As presented in this case, bilateral lesions of the lateral geniculate bodies (LGBs) have been infrequently described in the literature (Table 1), and the underlying mechanisms for their involvement remain poorly understood. The first known report was published in 1933 by MacKenzie and colleagues, who described these lesions in the context of anterior choroidal arteritis secondary to syphilis²². Since then, various mechanisms have been proposed to explain such injuries. Among these are hypoperfusion and ischemia resulting from hemodynamic changes secondary to massive hemorrhage or anaphylactic shock, as the LGBs lie in a vascular border zone supplied by the anterior, middle, and posterior arterial territories²². Other proposed mechanisms include posterior circulation cerebral infarcts in patients with microangiopathic hemolytic anemia, traumatic brain injury, and methanol-induced cytotoxicity (pancreatitis and renal necrosis). Due to the histological similarity between the LGBs and the brainstem pons, it has been hypothesized that the tightly interwoven neuronal and oligodendroglial networks in the LGBs hinder cellular expansion during rapid sodium level increases, resulting in bilateral extrapontine geniculate myelinolysis due to overly rapid correction of hyponatremia²³. Additional etiologies reported include aseptic lateral geniculitis, H1N1 influenza, severe preeclampsia, inflammatory bowel disease, and anaphylactic shock²⁴.

Table 1
Reported Cases of Bilateral LGB Lesions

Author’s own research.

Interestingly, recent reports of such lesions frequently occur in the context of acute abdominal pain or pancreatitis, often as complications of ERCP. Six cases were identified in the reviewed literature^23,24,28-31. Another notable case was reported by Pun and colleagues, where vision loss occurred as a complication of ERCP, though central nervous system lesions could not be documented because the patient declined neuroimaging (Table 1)³².

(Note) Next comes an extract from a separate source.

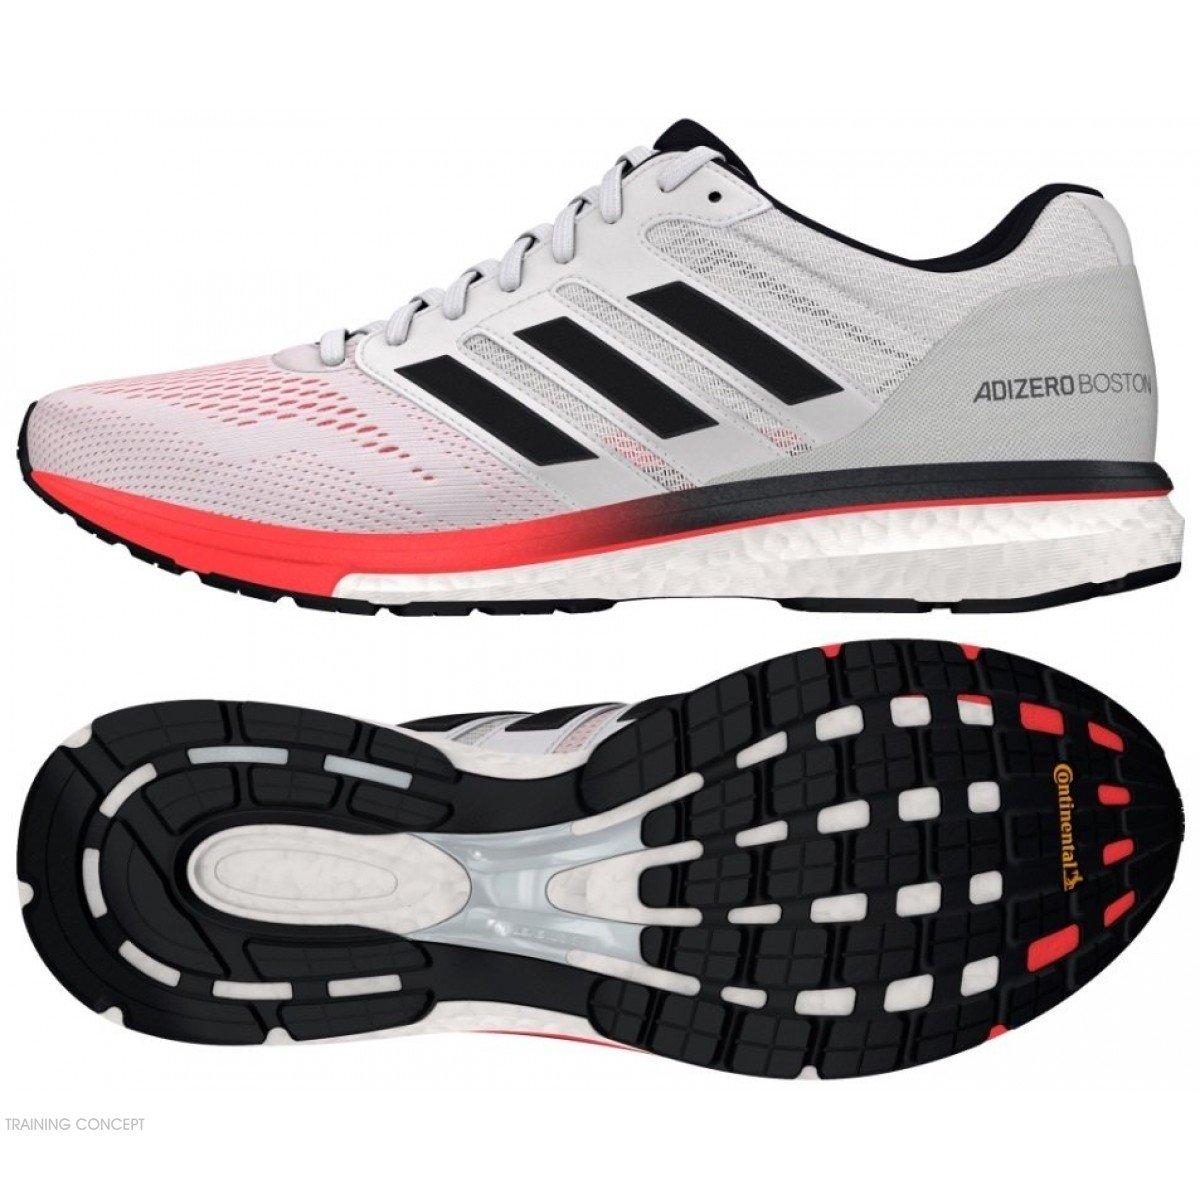 new concept 98b7c 80092 chaussures de running pour hommes adidas adizero boston 7 b37381 white   carbon  shock red

It is noteworthy that, to date, since the first case reported in 1933, 92% of patients in the literature with bilateral LGB lesions have been female; only a single case has been reported in a male patient²⁹. The reason for this relationship remains unknown, or it could represent an incidental finding. In our patient, the only preexisting condition was obesity, similar to the case reported by Murugesan and colleagues³¹, which also identified acute pancreatitis as a possible etiology. However, unlike our case, their patient was diagnosed with associated thrombotic microangiopathy. In our case, there were no hemodynamic disturbances or electrolyte imbalances requiring correction, no history of traumatic brain injury, and infectious, autoimmune, and autoinflammatory causes were excluded. Based on these findings, we propose severe post-ERCP acute pancreatitis and multiorgan involvement secondary to the underlying systemic inflammatory response as a plausible etiology. The damage to the blood-brain barrier caused by the release of trypsin, elastase, lipase, and phospholipase A2 may allow the infiltration of leukocytes and proinflammatory cytokines (tumor necrosis factor-alpha [TNF-α], interleukin-1β, and interleukin-6), potentially explaining neuronal edema, demyelination, or hemorrhagic necrosis in these structures, as has been suggested in cases of pancreatic encephalopathy³³.